In general, my understanding is that it is NOT exactly what happened. We are
putting tariffs on ALL IMPORTS from China, whether designed, maintained,
operated by a US corp or a Chinese corp.

A better policy would have recognized that there is a distinct difference
between Chinese and US corps looking to sell into the US market.

The simplest example would be anything internet connected product with
software.

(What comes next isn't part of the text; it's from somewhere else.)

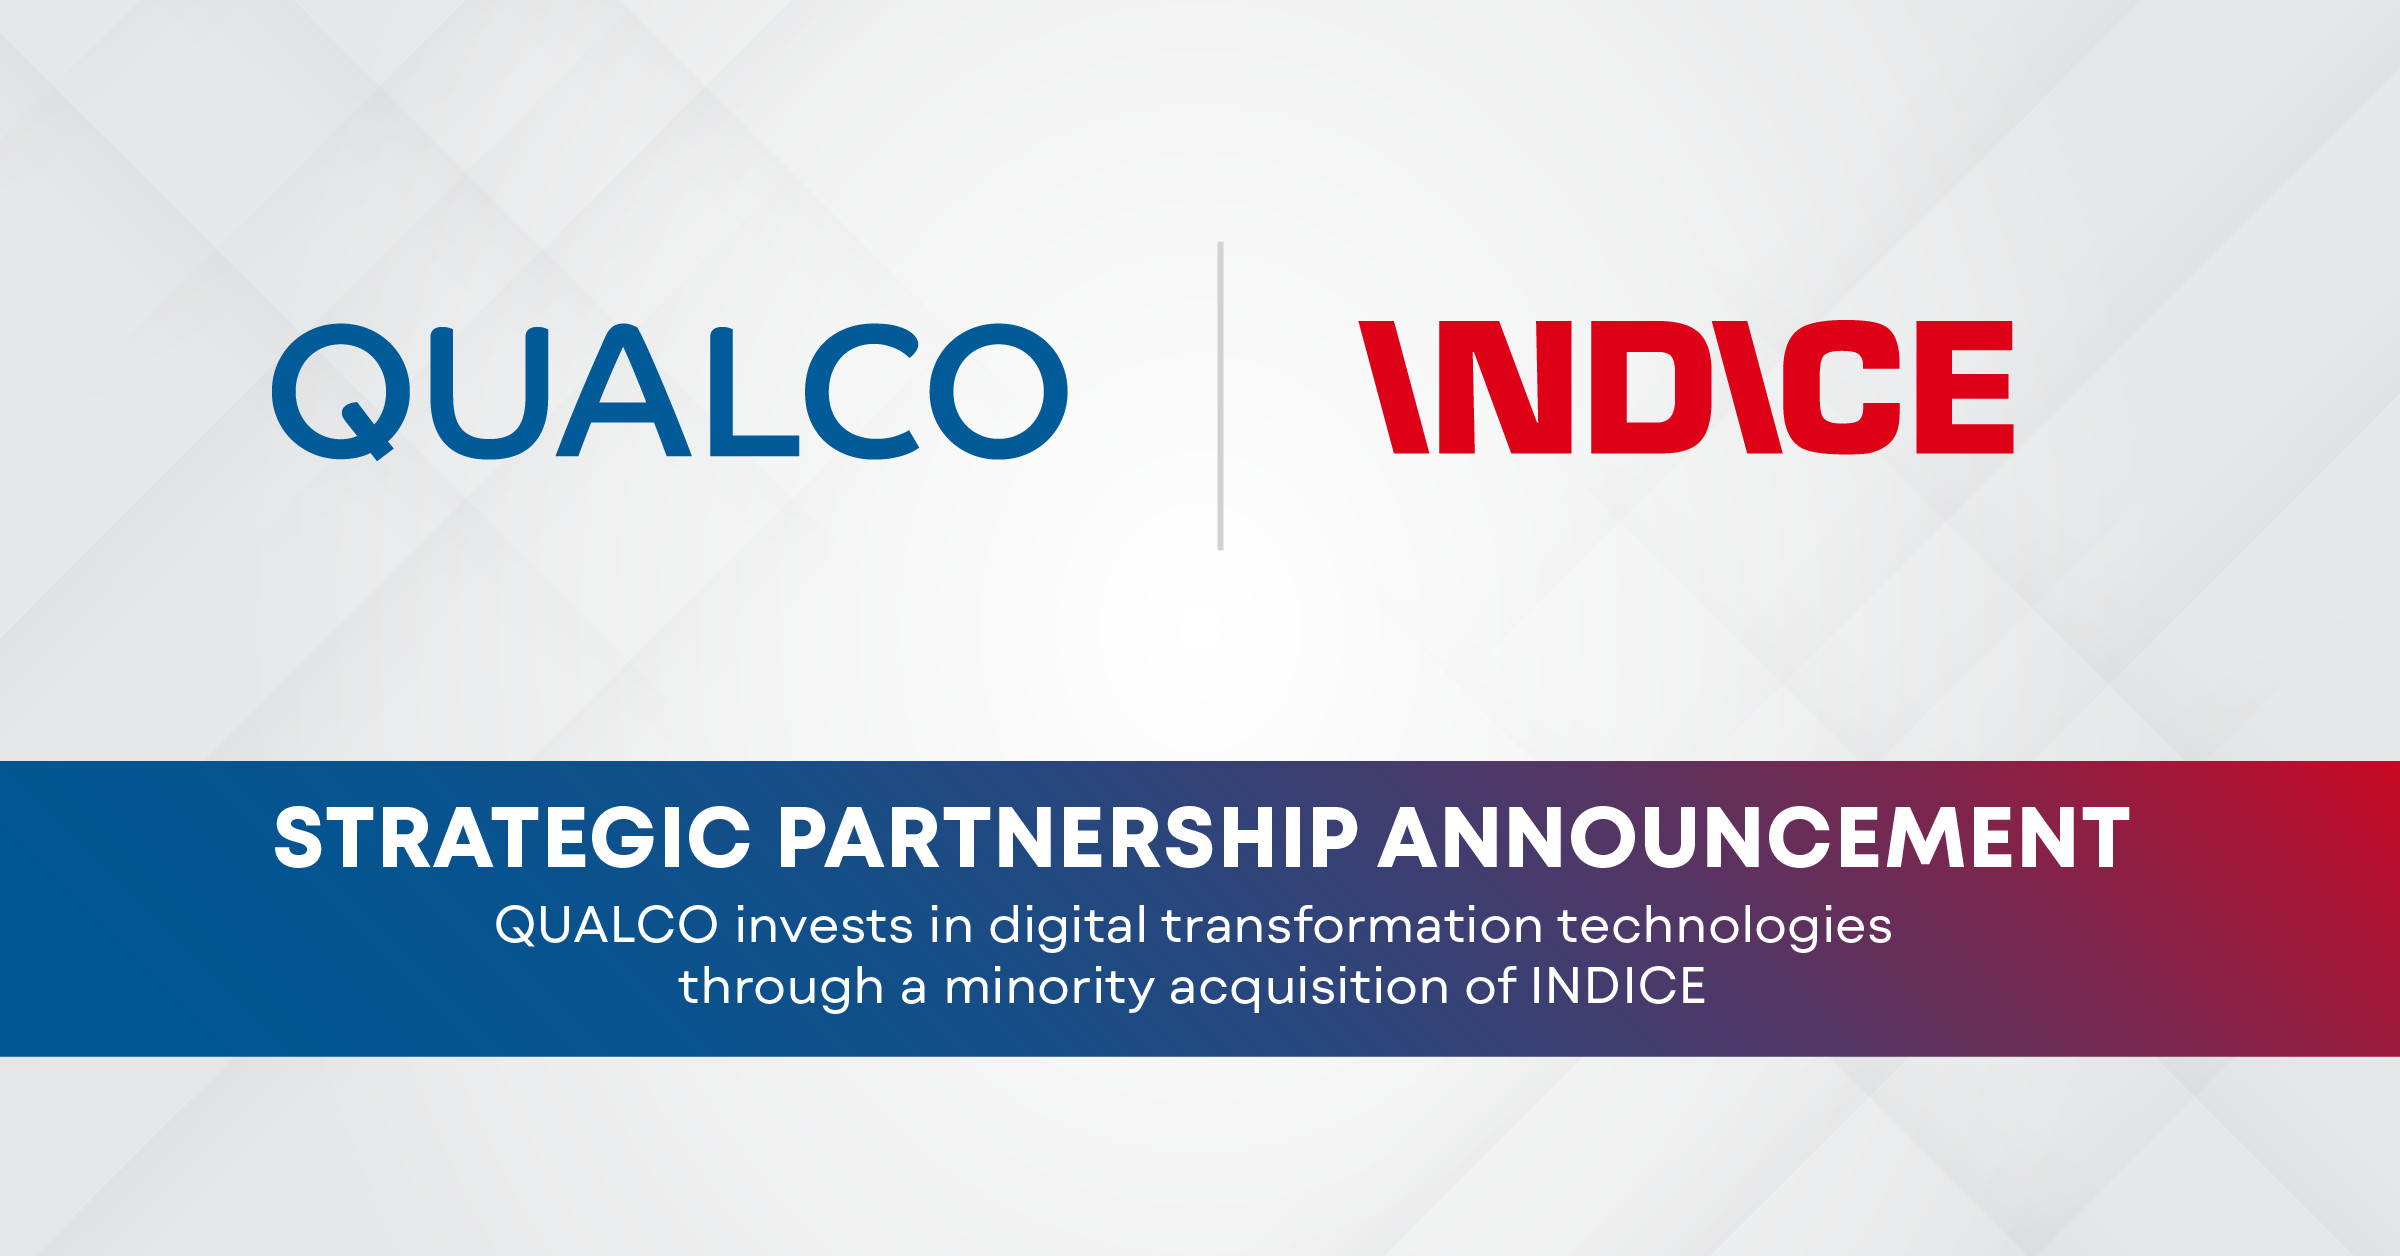 Η QUALCO επενδύει σε τεχνολογίες ψηφιακού μετασχηματισμού μέσω της εξαγοράς μειοψηφικού ποσοστού της INDICE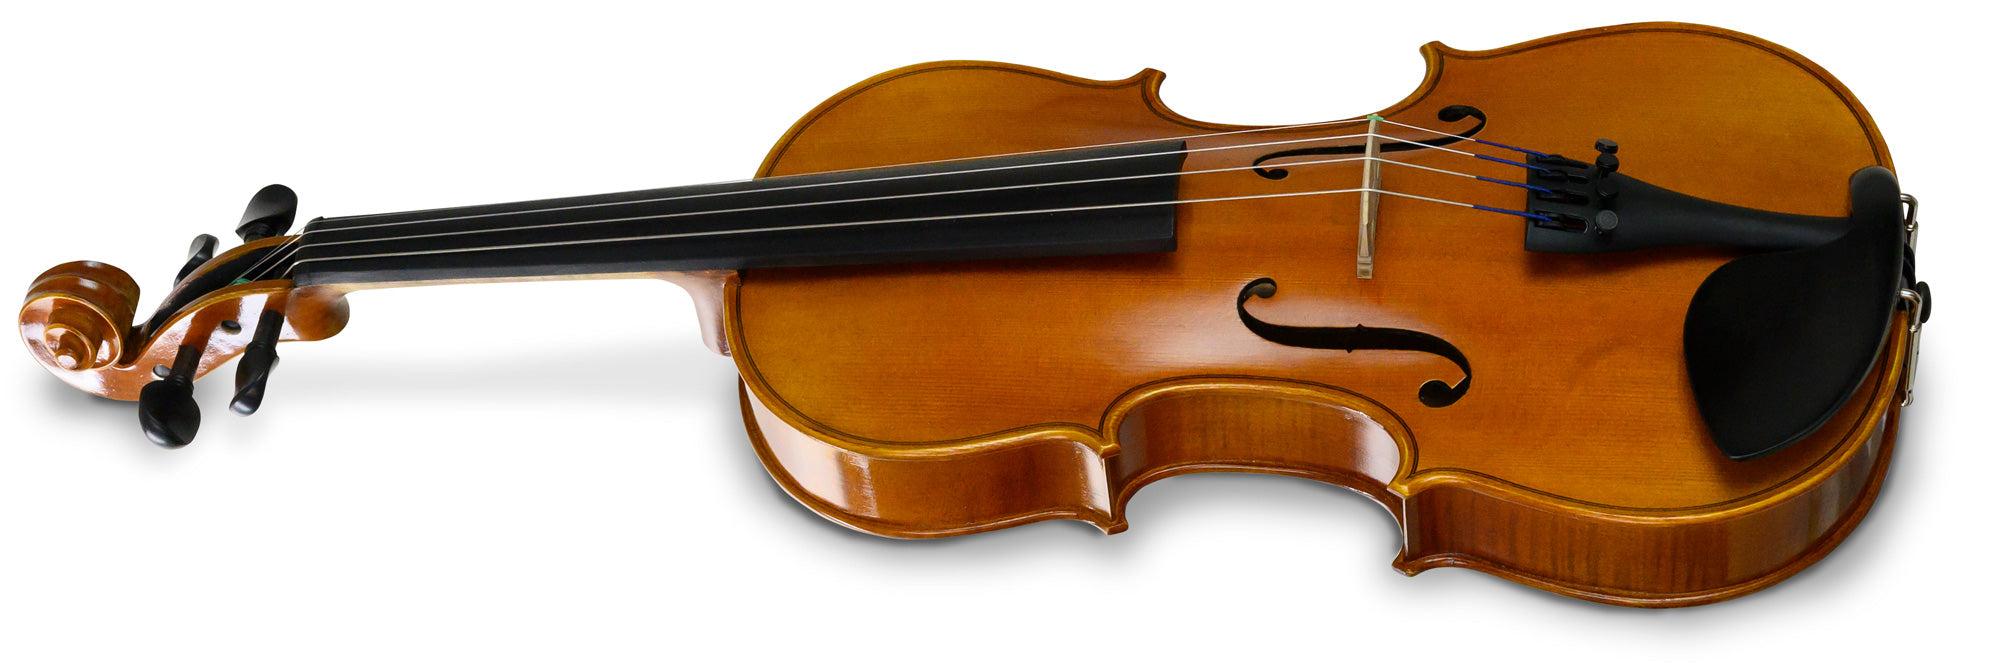 Violins | Violin Sales and Rentals - Violas, Cellos and Accessories

If the design, software, marketing etc. is all largely in the US and
just the physical product is manufactured in China, it seems like a reasonable
economic policy to say that China can keep the manufacturing business and the
US corps can continue to do this - largely because it acknowledges the reality
that US manufacturing for high volume/low mix is simply not going to be
competitive and if it is, it will only be due to automation.

Leaving the manufacturing in place but blocking Chinese market access would
impart substantial hardship to Chinese companies who are able to ignore US
Trademark, IP, deceitful advertising/low quality (read other threads on this
HN post), all the while largely not interrupting US businesses.

It would have provided needed leverage while avoiding doing damage to US
business and consumers.

------
noja
"Give us a 5 star review, email us, then get a free battery pack" \- a note in
the parcel from one particular top seller from China. How is this allowed?

------
cbhl
I recommend Episode #857 of Planet Money, which talks about how postal rates
are set by the UPU, and the impact on e-commerce.

[https://www.npr.org/sections/money/2018/08/01/634737852/epis...](https://www.npr.org/sections/money/2018/08/01/634737852/episode-857-the-
postal-illuminati)

Transcript:
[https://www.npr.org/templates/transcript/transcript.php?stor...](https://www.npr.org/templates/transcript/transcript.php?storyId=634732388)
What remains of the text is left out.